2. DECREASE CELL DAMAGE
Fasting can decrease stress hormones and improve antioxidant activity. Our normal cells will be preserved, which is important especially when we undergo chemotherapy.
3. IMPROVE MEMORY
The ketones that we produce while fasting will feed the brain and help improve our levels of alertness. I feel that this can significantly help patients who suffer from “chemo brain” or memory loss after receiving chemotherapy.
3. IMPROVE OUR IMMUNE SYSTEM. Inside our bodies, we have special white blood cells called monocytes. These turn out even more specialized cells called macrophages. They are huge ( hence the term macro) cells that also "eat" damaged cell parts. In addition to this housekeeping role, macrophages can prime the immune system to protect us against infection. But, (surprise, surprise), these same macrophages can also turn around and protect tumors.
Yes, these TUMOR ASSOCIATED MACROPHAGES, or TAMS, can help protect cancer cells, encourage them to build sturdy blood vessels, and even help cancer cells develop the ability to move around and metastasize to other organs.
Fasting can help manipulate our immune systems so that we reverse these pro-tumor TAMs and make them anti-cancer cells again.
4. LOSE WEIGHT
Believe it or not, losing weight during cancer therapy can be a good thing. Excess carbohydrates are not burned and will be stored. Obesity leads to stored fat. Stored fat can encourage these tumor-promoting macrophages. The weight loss that we see with cutting out carbs, will decrease this fat, but also indirectly limit these cancer loving macrophages.
This brings us back to item number 3. By improving our immune system we can also weaken cancer cells.
WHAT IF I CANNOT FAST? ( too thin, too weak, fear of more weight loss, lack of motivation)
Some patients are too weak to fast. Some are already "too thin" to fast. Weight loss is often thought of to be an ominous sign. Spiraling weight loss is usually seen near the terminal stages of cancer when the pro-tumor cytokine chemicals are already ravaging throughout the body. Muscle is being broken down, and fat stores are low.
Can fasting still be done when weight loss has already set in? Fat stores are probably already nearly depleted at this point. Fasting is best done before weight loss has already set in. When weight loss has already happened, the only way to reverse this rapid weight loss is NOT by feeding more carbohydrates. Because if you feed more carbs or sugar, that will further fuel cancer.
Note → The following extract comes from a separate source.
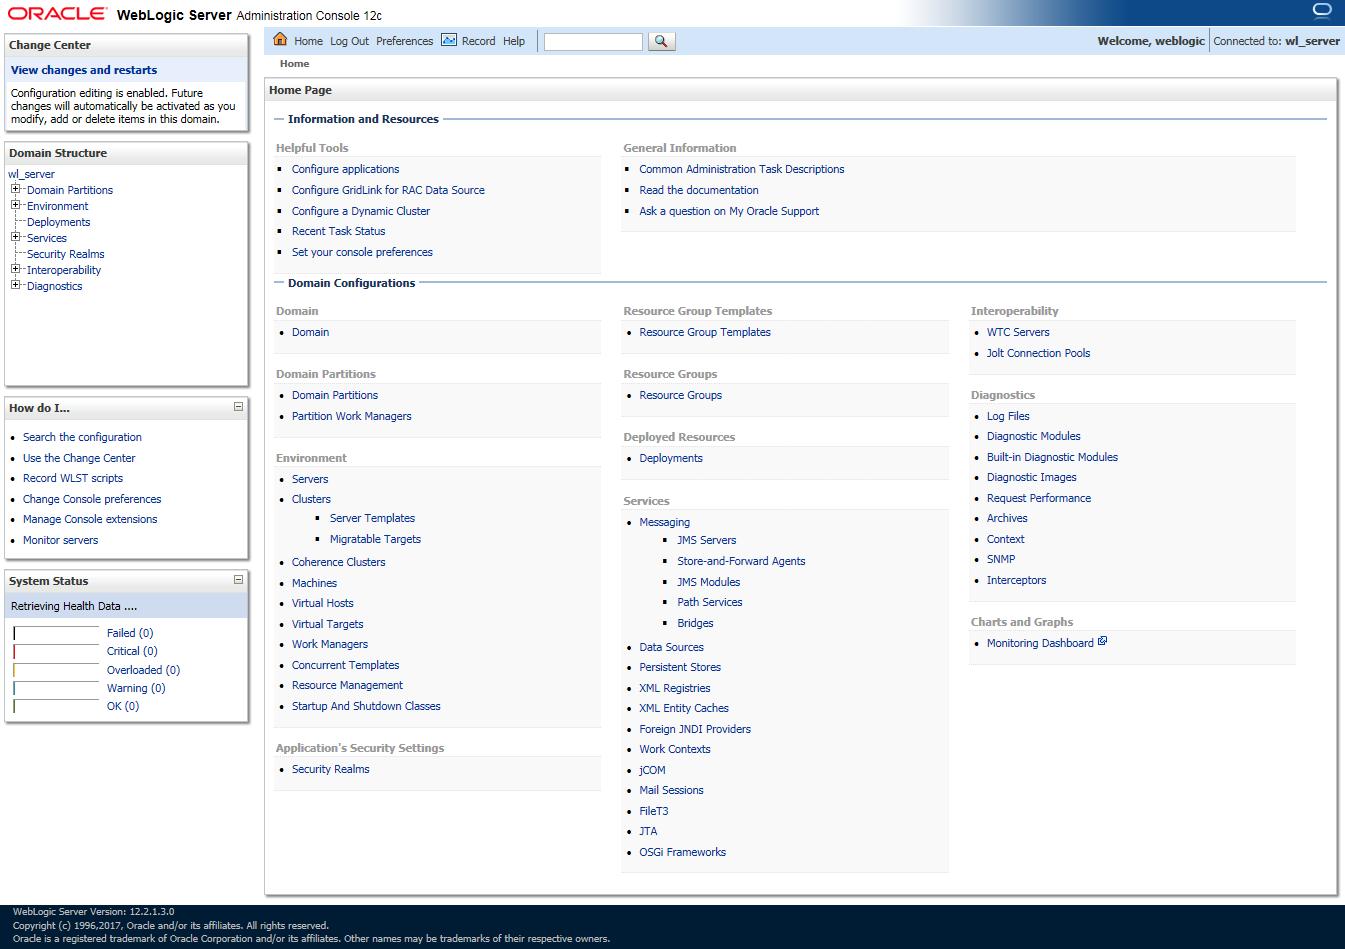 Oracle WebLogic Server Administration Console 12c - Dashboard

I rarely see success with this high calorie feeding approach. Actually, I never saw success with this approach of feeding more carbohydrates to a cancer patient losing weight. It is counterproductive.
The best way to deal with cancer related weight loss is to try and stop the supply of weight loss cytokines. And that will be located at its source. And that source is the cancer itself.
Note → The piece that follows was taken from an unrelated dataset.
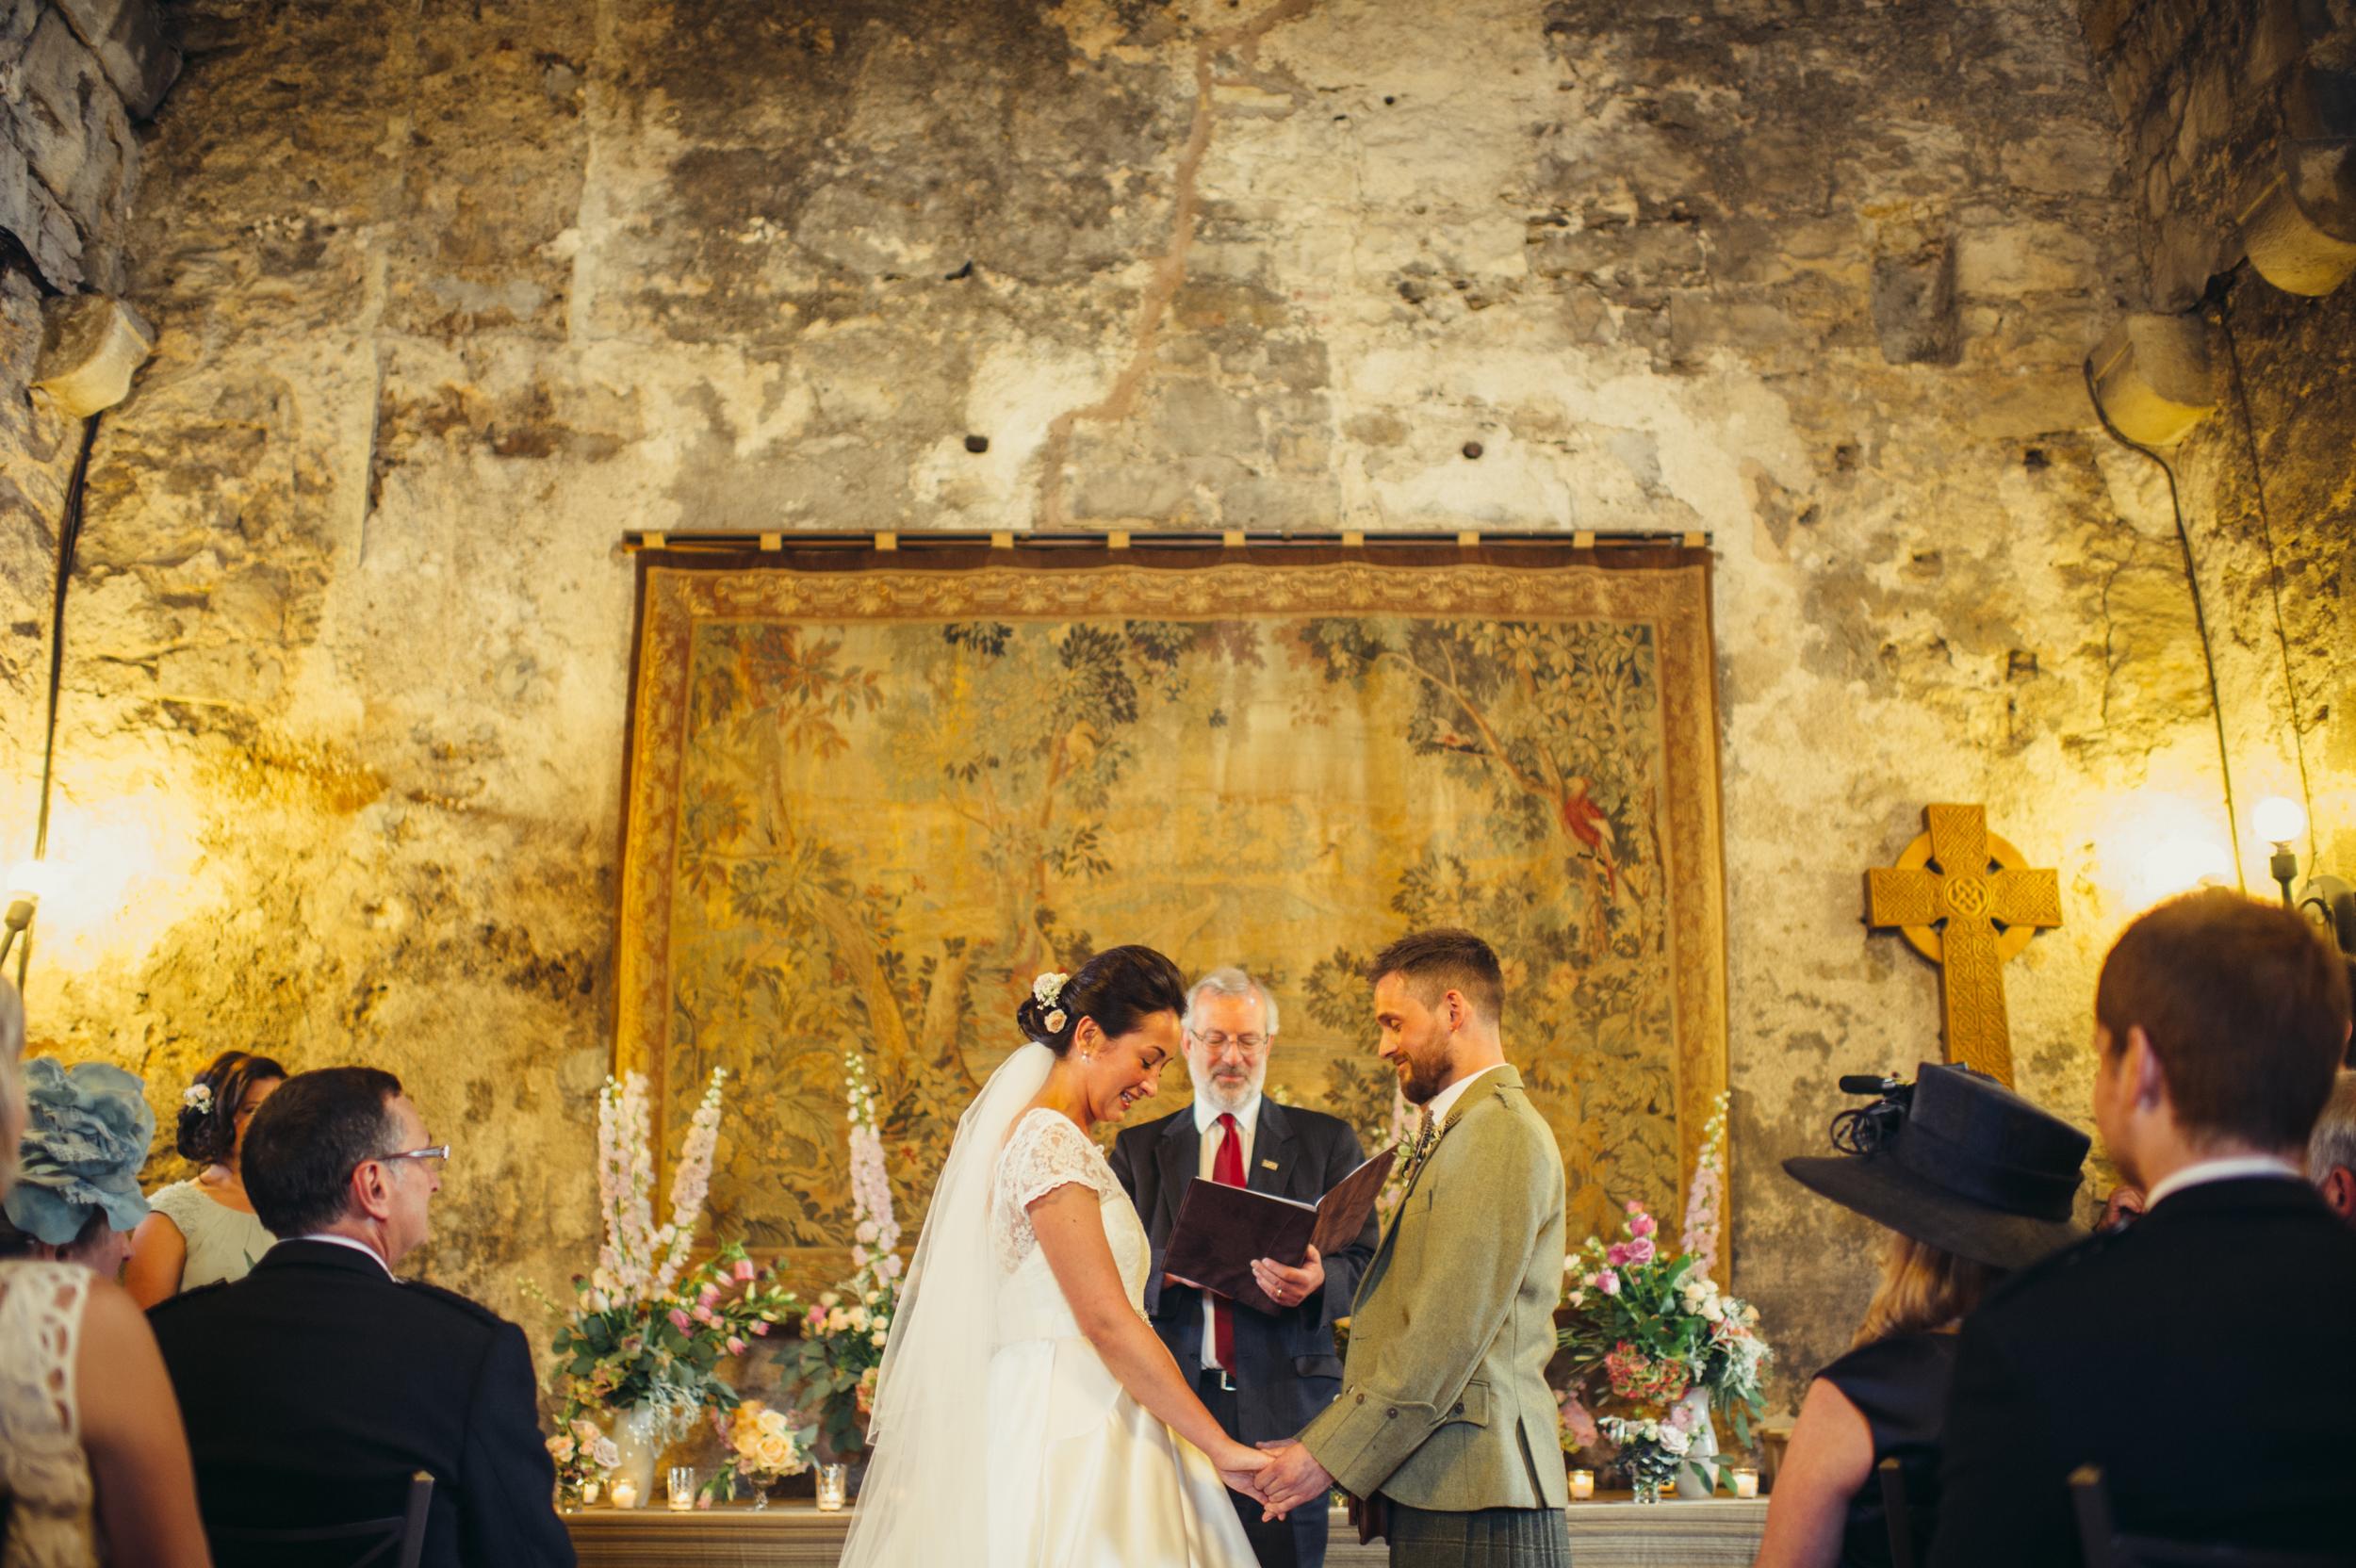 0101-lisa-devine-alternative-creative-wedding-photography-glasgow-edinburgh.JPG

WHY WILL FASTING RESULT IN WEIGHT GAIN?
A fasting strategy might be logical. Fasting will weaken the cancer cell and we hope that while chemotherapy is going on, the starvation effect of fasting on cancers will make cancers shaky, and die faster. Because the ketones are also around, the normal cells will continue to be fed, and will not starve. By successfully killing more cancer cells, the source of the weight loss promoting cytokines will slow down, and weight loss should theoretically stop.
KETOGENIC DIETS HAVE SIMILAR BENEFITS AS FASTING
Instead of fasting, you can still reap the benefits of a fast by trying out a low carbohydrate diet.
The ketogenic diet was meant to give benefits that resemble the act of fasting. By limiting carbohydrates, we get the same metabolic benefits.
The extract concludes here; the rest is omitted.